# Maps of an Uncharted World



## Vascant (Oct 12, 2011)

A few months ago I got this idea to run a new campaign strictly underground but quickly ran into a problem of the fact I have never seen a map before that covered large area with any level of detail.  I started sketching out what I wanted for the area and came up with a plan for about 50 12x16 inch map panels, this count has now grown to over 100 map panels.  So the campaign surrounds a natural feature called the Lake of Spires, which in the map below you can see the start of that lake being mapped out.  It will also provide the details for a dwarven stronghold and a slave market plus a few other secrets.  

While doing this I am offering them for free just in case others may feel the desire to run an underground campaign or just simple need underground maps for their current campaign.  I release a new panel every Friday.  At this time I have released 6 panels and ahead of schedule enough where 9 are drawn, I want to be several panels ahead just in case get the flu or emergencies pop there will be nothing to interfere with a release (provided the end of world is not scheduled for Dec 2012).  I finally put together what I call a campaign map, which is a smaller version to help make sure I am going according to the plan.  

I hope everyone enjoys and if you have any questions or comments feel free to ask, the maps are setup so you can download without any registration stuff and hassle free on the website.


----------



## AdmundfortGeographer (Oct 12, 2011)

Fun stuff! Keep posting 'em.


----------



## Scott DeWar (Oct 13, 2011)

I am Preparing an area known as the forest of silent screams. Perhaps i need to post that here as well for you to use at you leisure?


----------



## Vascant (Oct 14, 2011)

Scott DeWar said:


> I am Preparing an area known as the forest of silent screams. Perhaps i need to post that here as well for you to use at you leisure?




I am sure someone can use it, the way I plan on running this campaign I don't expect the players to be able to reach the surface for quite a long time.

On that note, just uploaded Panel #7 to the site for this Friday's release.


----------



## Scott DeWar (Oct 17, 2011)

I plan on using a prop for starters: a picture of a real cavern of unusual size. I will explain the many side passages and each passage will have some sort of challenge. Each group of challenges will be grouped in category of type: earth, heat, fungi, trick/trap, main chamber and general 'random'.

next the side chambers will have a linear progression: earth to heat to water- and not all passages will have challenges as they will be 'false passages: un-occupied. for example, the passages between  heat and water will more likely have the fungus types, where the passages between earth and heat might have spiders. 

Is this making sense? actual positioning of side passages will be abstract- i can add time or or not between passage examinations.

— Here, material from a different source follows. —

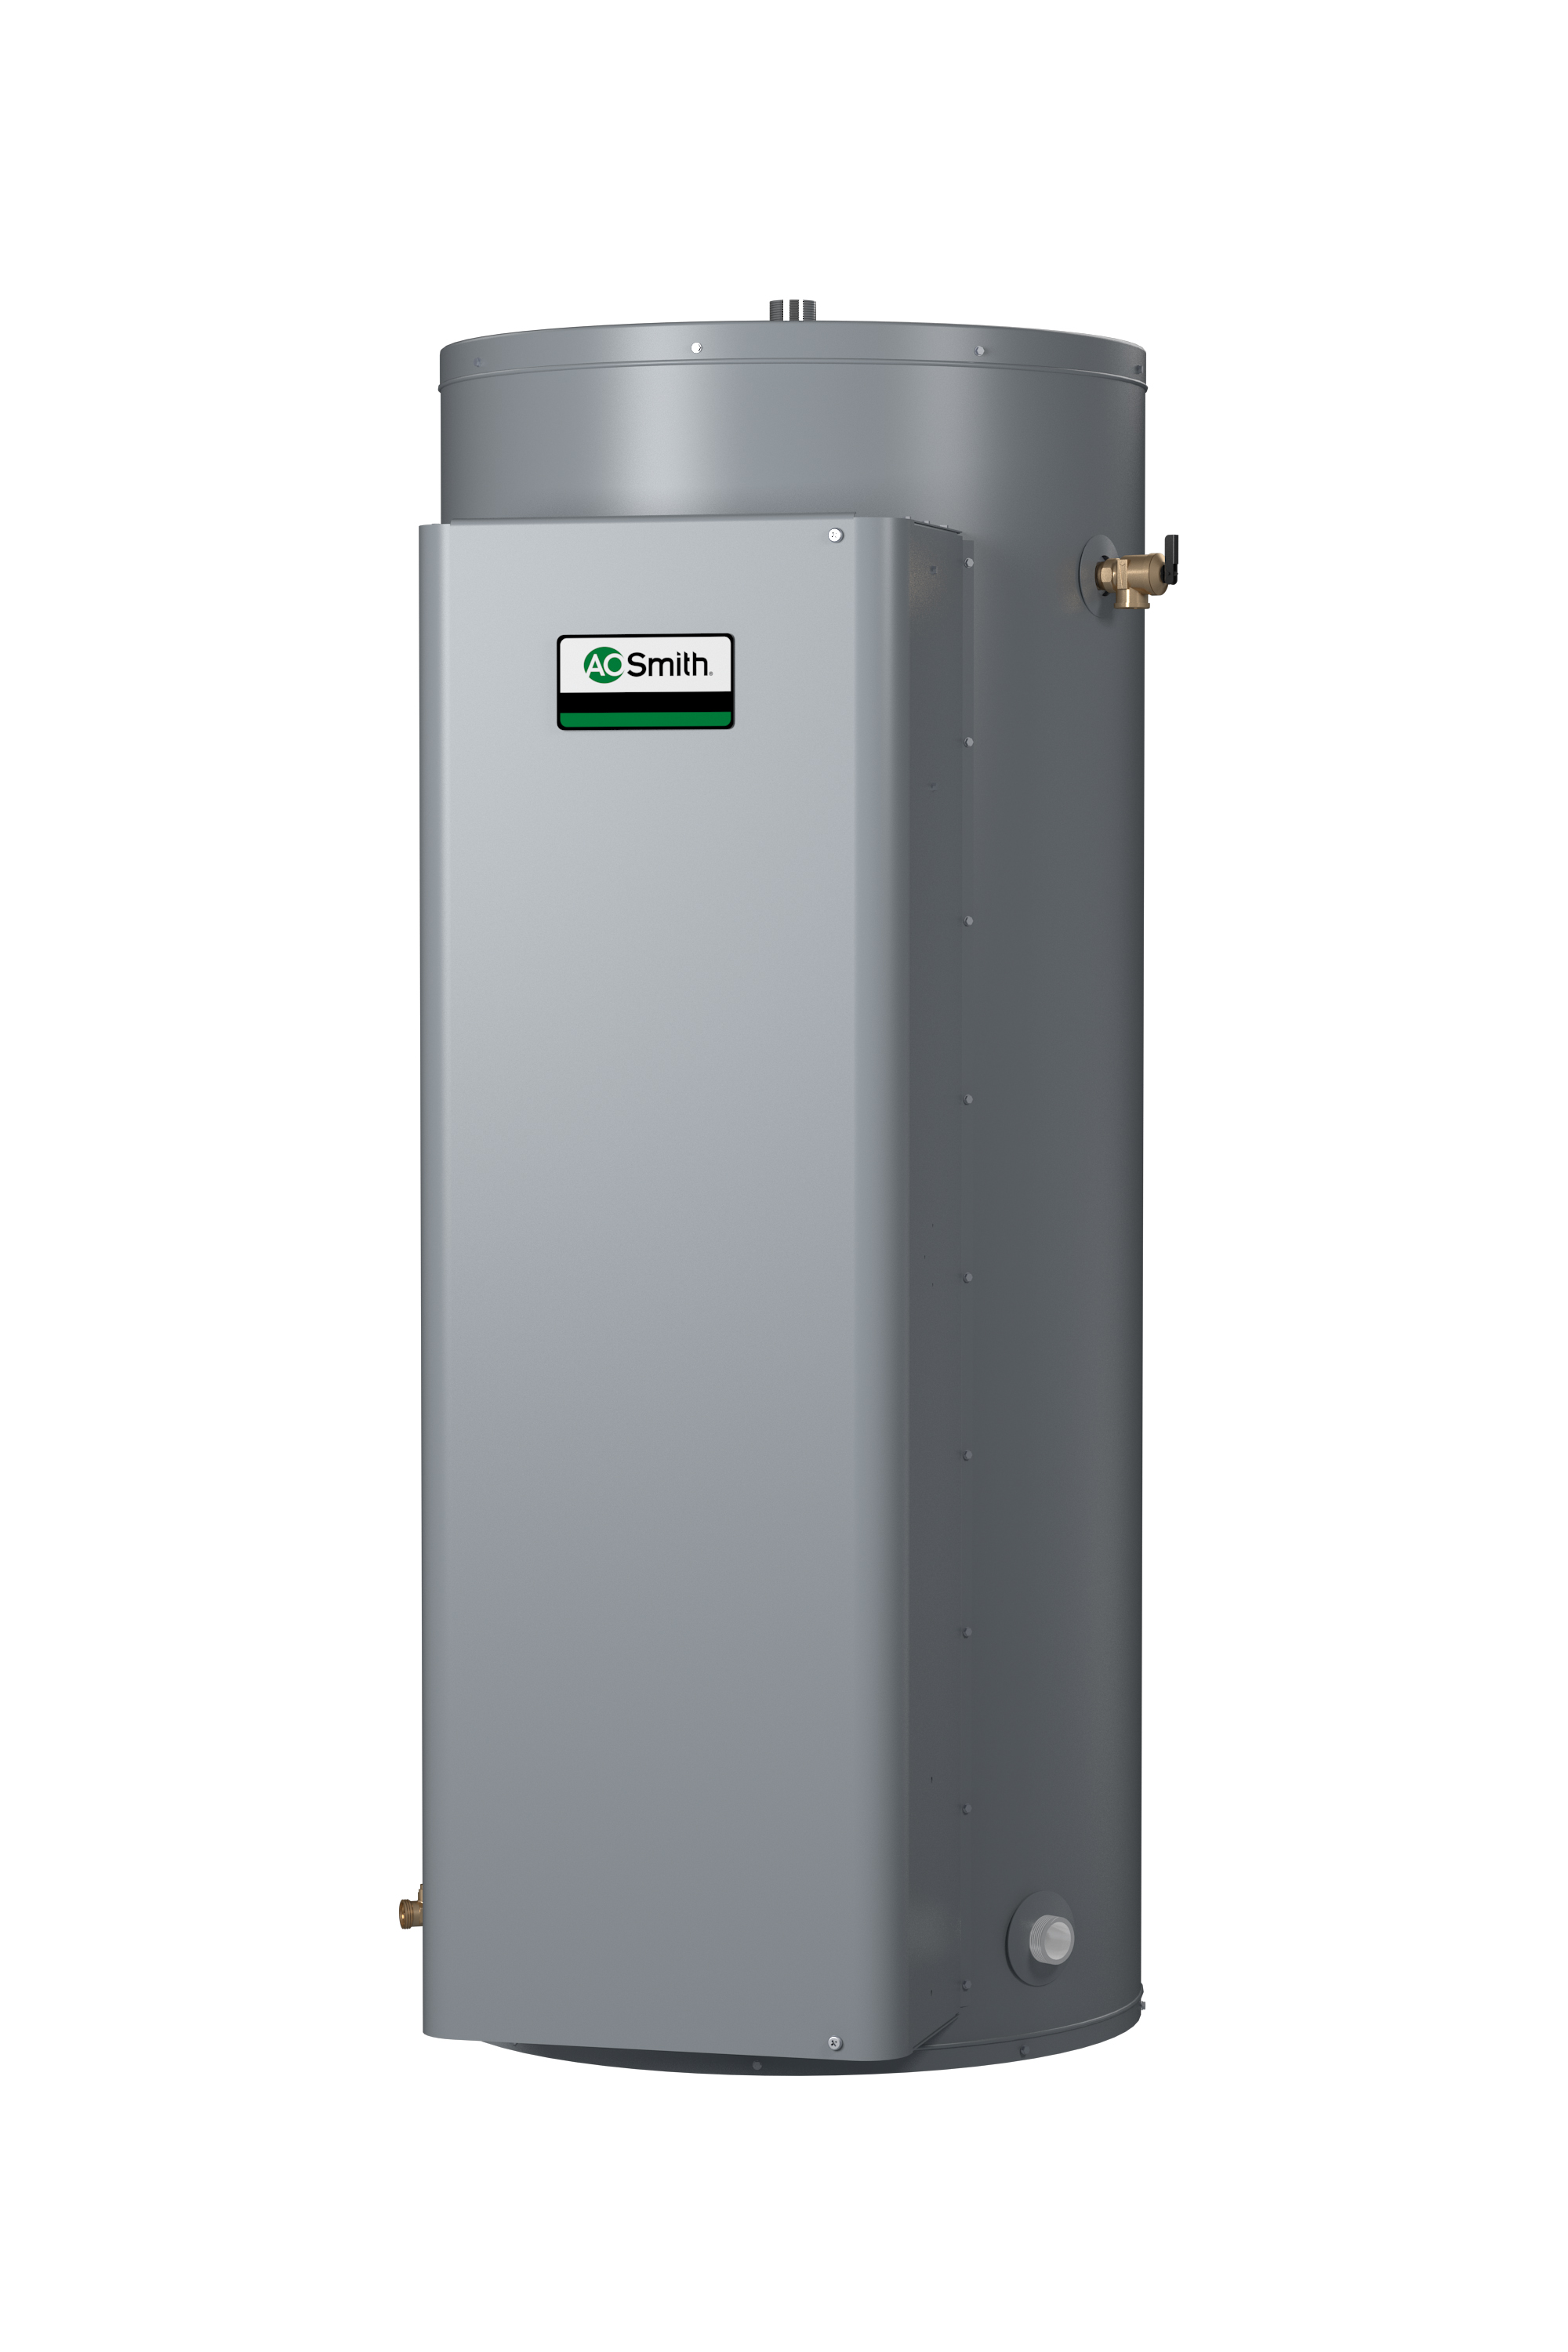 AO SMITH DRE-120-13.5, 119 GALLON, 13.5KW, 277 VOLT, 48.73 AMPS, 1 PHASE, 3 ELEMENT, COMMERCIAL ELECTRIC WATER HEATER, GOLD SERIES

As for the main chamber: the forest of silent screams, it will be huge with all kinds of traps and hazards and a 'colony of entrapped oread (The accursed) who will be as caryatid columns that will animate at 'random'. their forms will be encased in calcite coumns wtih their physical features partially showing.

i will be having random perception checks by random people- the caryatid colums will animate and try and grapple, with their facial features distorting into soundless screams-freezing suddenly and returning to inanimate rock.

the curse is lost to time-so many of the oread colony are lost to the cavern for such a long time- some of the oread have dissolved to the rivelets of water dripping from the world above and forming pools of enchanted water forming mud men and mud elementals. 

i will have encounter names put into baggies and draw them radomly and hve the basid info in a note book and will make encounters with the trailblazer method of encounter design. more commen encounters will be put back into the pouch where the more deadly encounters will only be used once.

How does this look so far?


----------



## Vascant (Oct 20, 2011)

Sounds pretty good, should indeed keep them busy that's for sure.  I always like to have players roll just because.  Keeps them on their toes


----------



## Scott DeWar (Oct 21, 2011)

i am going to have FUN!


----------



## Vascant (Oct 21, 2011)

This is the 8th release of the Lake of Spires, one more until all of the panels of displayed in the campaign map can be seen in sparkling detail.  As normal they are free for download on the website.

I would also like to state that if you are playing 3.5e you can use NPC Designer - 3.5e NPC Generator to quickly populate any location.


----------



## Vascant (Oct 29, 2011)

This completes the 9th panel for the first campaign map of the Lake of Spires underground region.  I have already started working on the next campaign map which connects directly below the first one.  Check out (Maps of an Uncharted World to download full versions of the maps.

I am also taking input regarding doing an actual Pathfinder dataset for NPC Designer - 3.5e NPC Generator (NPC Generator discussion thread).

Finally this week I seriously looking at creating Battle Tiles in the same flavor as the underground maps, so look for those soon and of course will be free.


----------



## Vascant (Nov 11, 2011)

Last week was more or less just some passages connecting the a trade route to the slave market, the panel this week is the actual slave market.

Hope everyone enjoys

Check out Maps of an Uncharted World to download full versions of the maps.


----------



## Vascant (Nov 19, 2011)

This passage way comes off the main trade route that runs along the Lake of Spires, in my world I have it as an old dragon lair that has become submerged over time.  I am not sure if I am going to put the dragon in undead state existing in the water or perhaps some underwater monsters that feed off those that use the shore line as a resting location.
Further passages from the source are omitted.